Descripción del problema: el dataset contiene dentro de sus atributos título y categoria de noticia:
- Entretenimiento
- Ciencia y Tecnología
- Negocios
- Salud

La idea del problema sería intentar aplicar técnicas de clustering sobre los títulos de cada noticia y ver si de acuerdo a su semántica se agrupan según las distintas categorias.

In [36]:
import pandas as pd
import nltk
import re
from sklearn.feature_extraction.text import TfidfVectorizer
from sklearn.cluster import KMeans
import spacy
from spacy.lang.en import English
from gensim.models import Word2Vec, Doc2Vec
from nltk.cluster import KMeansClusterer

#### Cargamos el dataset

In [2]:
data = pd.read_csv('./NewsAggregatorDataset/newsCorpora.csv', header=None, delimiter='\t')
data.columns = ['ID', 'TITLE', 'URL', 'PUBLISHER', 'CATEGORY', 'STORY', 'HOSTNAME', 'TIMESTAMP']
'''
ID		Numeric ID
TITLE		News title 
URL		Url
PUBLISHER	Publisher name
CATEGORY	News category (b = business, t = science and technology, e = entertainment, m = health)
STORY		Alphanumeric ID of the cluster that includes news about the same story
HOSTNAME	Url hostname
TIMESTAMP 	Approximate time the news was published, as the number of milliseconds since the epoch
'''

'\nID\t\tNumeric ID\nTITLE\t\tNews title \nURL\t\tUrl\nPUBLISHER\tPublisher name\nCATEGORY\tNews category (b = business, t = science and technology, e = entertainment, m = health)\nSTORY\t\tAlphanumeric ID of the cluster that includes news about the same story\nHOSTNAME\tUrl hostname\nTIMESTAMP \tApproximate time the news was published, as the number of milliseconds since the epoch\n'

In [3]:
data.shape

(422419, 8)

In [4]:
# Nos quedamos solo con las dos columnas de interés
data = data[['TITLE', 'CATEGORY']]
data.head()

Unnamed: 0,TITLE,CATEGORY
0,"Fed official says weak data caused by weather,...",b
1,Fed's Charles Plosser sees high bar for change...,b
2,US open: Stocks fall after Fed official hints ...,b
3,"Fed risks falling 'behind the curve', Charles ...",b
4,Fed's Plosser: Nasty Weather Has Curbed Job Gr...,b


In [5]:
data.groupby('TITLE').count().sort_values('CATEGORY',ascending=False).head()

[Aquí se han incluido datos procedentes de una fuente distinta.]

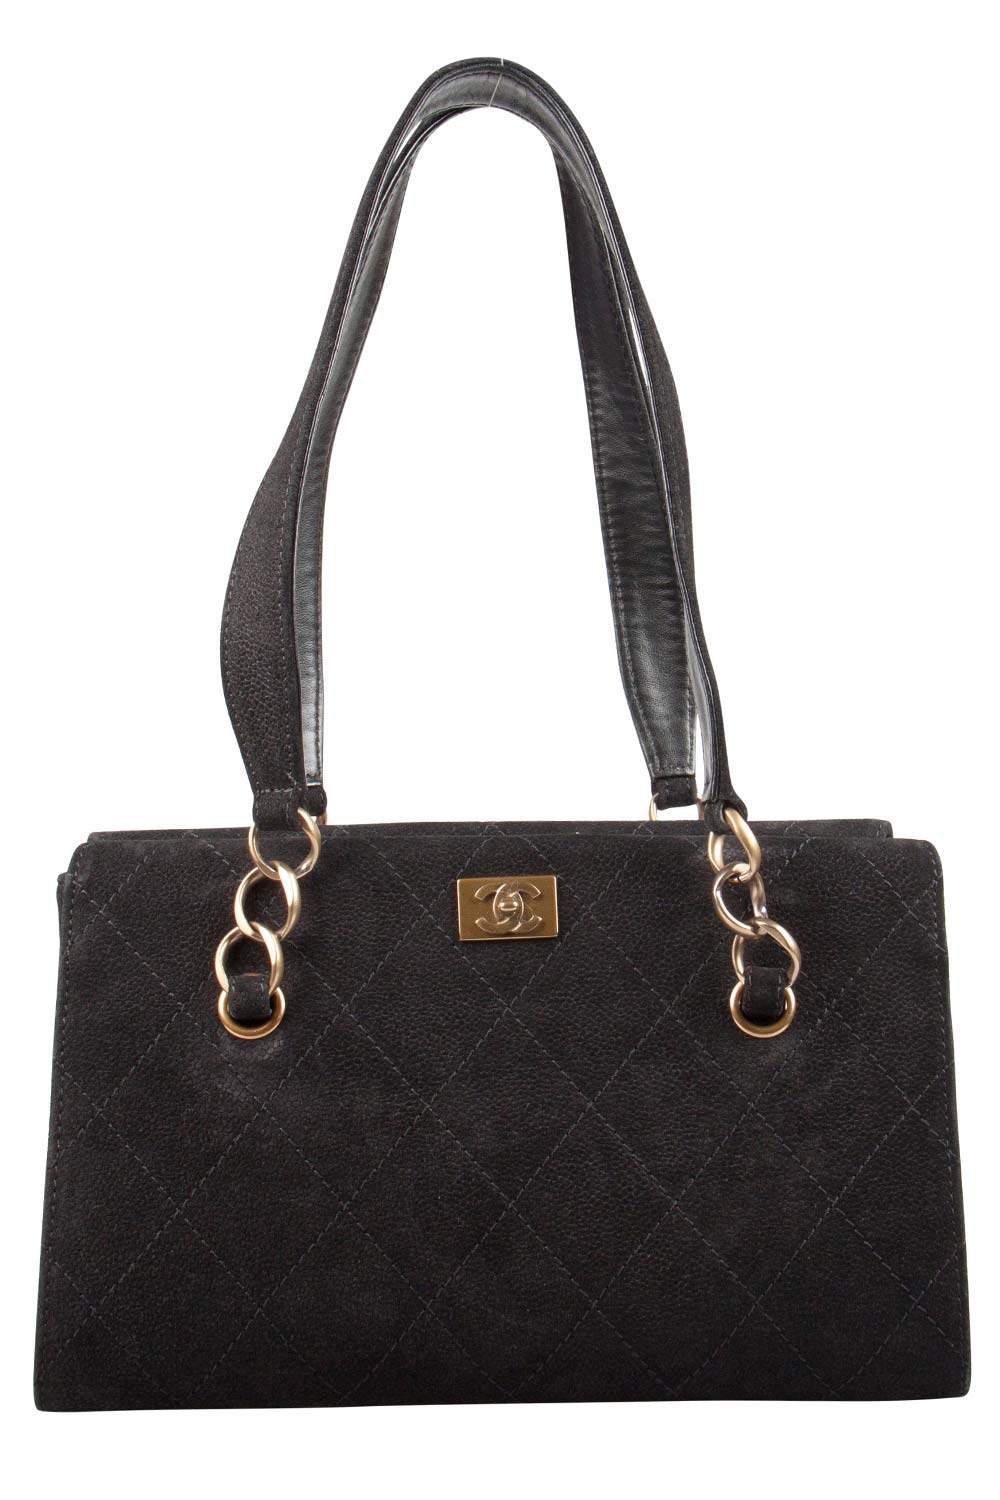 Chanel Black Nubuck Leather Chain Shoulder Bag

Unnamed: 0_level_0,CATEGORY
TITLE,Unnamed: 1_level_1
The article requested cannot be found! Please refresh your browser or go back ...,145
Business Highlights,59
Posted by Parvez Jabri,59
Posted by Imaduddin,53
Posted by Shoaib-ur-Rehman Siddiqui,52


Removemos las filas sin título ya que no aportan información y a la hora de realizar clustering van a generar ruido. 

In [6]:
no_title = data.groupby('TITLE').count().sort_values('CATEGORY',ascending=False).head().index.values[0]
print(no_title)
data = data[data.TITLE != no_title]

The article requested cannot be found! Please refresh your browser or go back  ...


In [7]:
data.groupby('CATEGORY').count()

Unnamed: 0_level_0,TITLE
CATEGORY,Unnamed: 1_level_1
b,115965
e,152339
m,45637
t,108333


Nos quedamos con 2000 títulos de cada categoría (ya que sino se necesita demasiado cómputo)

In [8]:
new_data = data[data.CATEGORY == 'b'][0:2000]
new_data = new_data.append(data[data.CATEGORY == 'e'][0:2000], ignore_index=True)
new_data = new_data.append(data[data.CATEGORY == 'm'][0:2000], ignore_index=True)
new_data = new_data.append(data[data.CATEGORY == 't'][0:2000], ignore_index=True)
new_data.groupby('CATEGORY').count()

Unnamed: 0_level_0,TITLE
CATEGORY,Unnamed: 1_level_1
b,2000
e,2000
m,2000
t,2000


La idea es entonces aplicar clustering sobre los títulos de las noticias y ver si se agrupan por categoría de acuerdo a su semantica. Es decir, vamos a considerar 4 clusters.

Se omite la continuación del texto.